Vaughn’s portrayal of Semyon is downbeat and realistic, with traces of the actor’s earlier wisecracking persona (“A Mexican standoff with actual Mexicans,” he marvels during one tense confrontation with rivals. “That’s one for the bucket list”). He’s ruthless, but only because his path from childhood poverty and abuse to head of a modest but thriving criminal enterprise required it. He treats his underlings like family and desperately wants to have a child with his loving wife and trusted adviser Jordan (Kelly Reilly, later to appear on “Yellowstone”). In their struggle to conceive they consider adoption; Jordan wins her husband over to the idea by framing it as a way of redeeming Frank’s own tortured childhood.

Each of season two’s central quartet grapples with fatherhood in some way. Woodrugh, who never knew his father and grew up parenting his feckless, drunken mother, tries to overcome his deep ambivalence toward marriage after his girlfriend’s unexpected pregnancy.

Velcoro tends to his own father, an embittered, retired LAPD detective from the pre-Rodney King era, while attempting to protect and guide his bullied, insecure son. Bezzerides maintains a spiky exterior (and an arsenal of concealed knives) while numbing herself with casual sex, unwilling to face a childhood trauma enabled by her New Age guru father’s inattentive parenting.

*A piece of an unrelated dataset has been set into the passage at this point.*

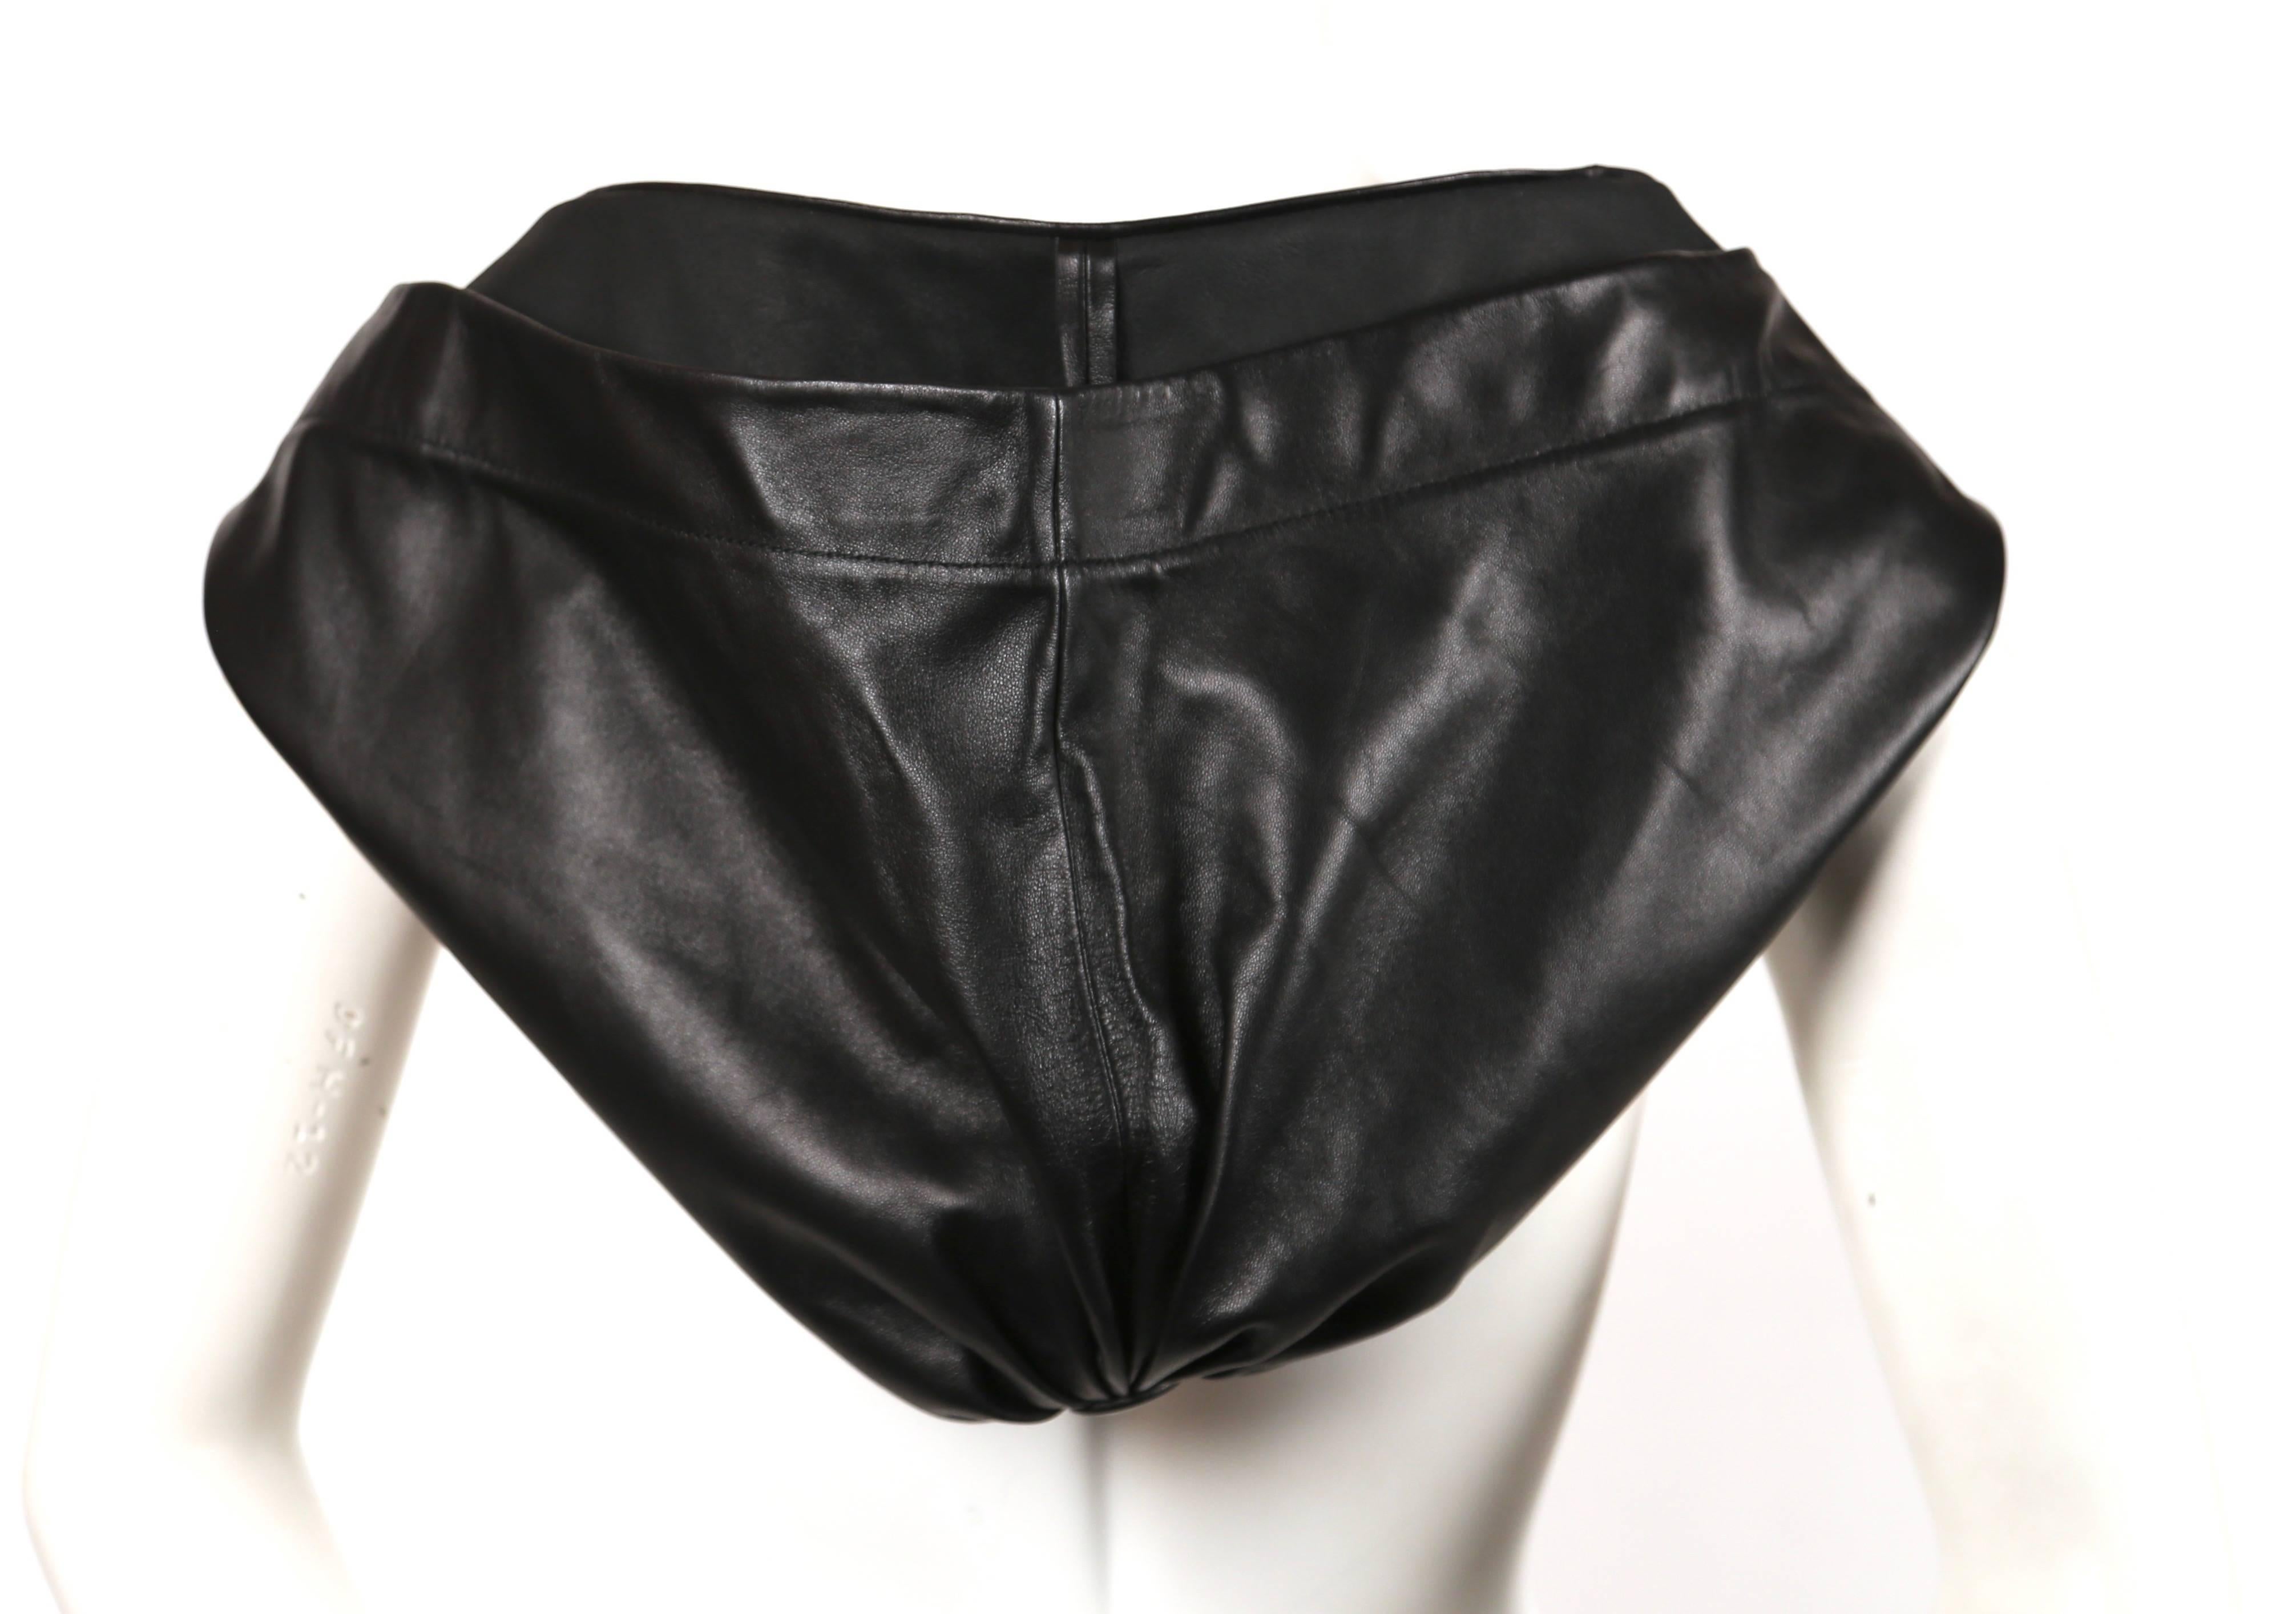 Black CELINE by PHOEBE PHILO black leather hooded runway scarf  - new

These personal struggles take place against a backdrop of vast corruption; they struggle to harness their own demons in order to defeat the kinds of monsters that emerge when man’s lust for power and sexual gratification remains unchecked.

This is the special duty of a father. The season’s nine episodes unflinchingly depict the many ways fathers can fail at this duty — and the way the repercussions of that failure can reverberate through generations and across communities. What gives “True Detective” season 2 its lasting power is the unfashionable emphasis it puts on the sacrifice inherent to fatherhood. All good fathers give something of themselves; some fathers give it all.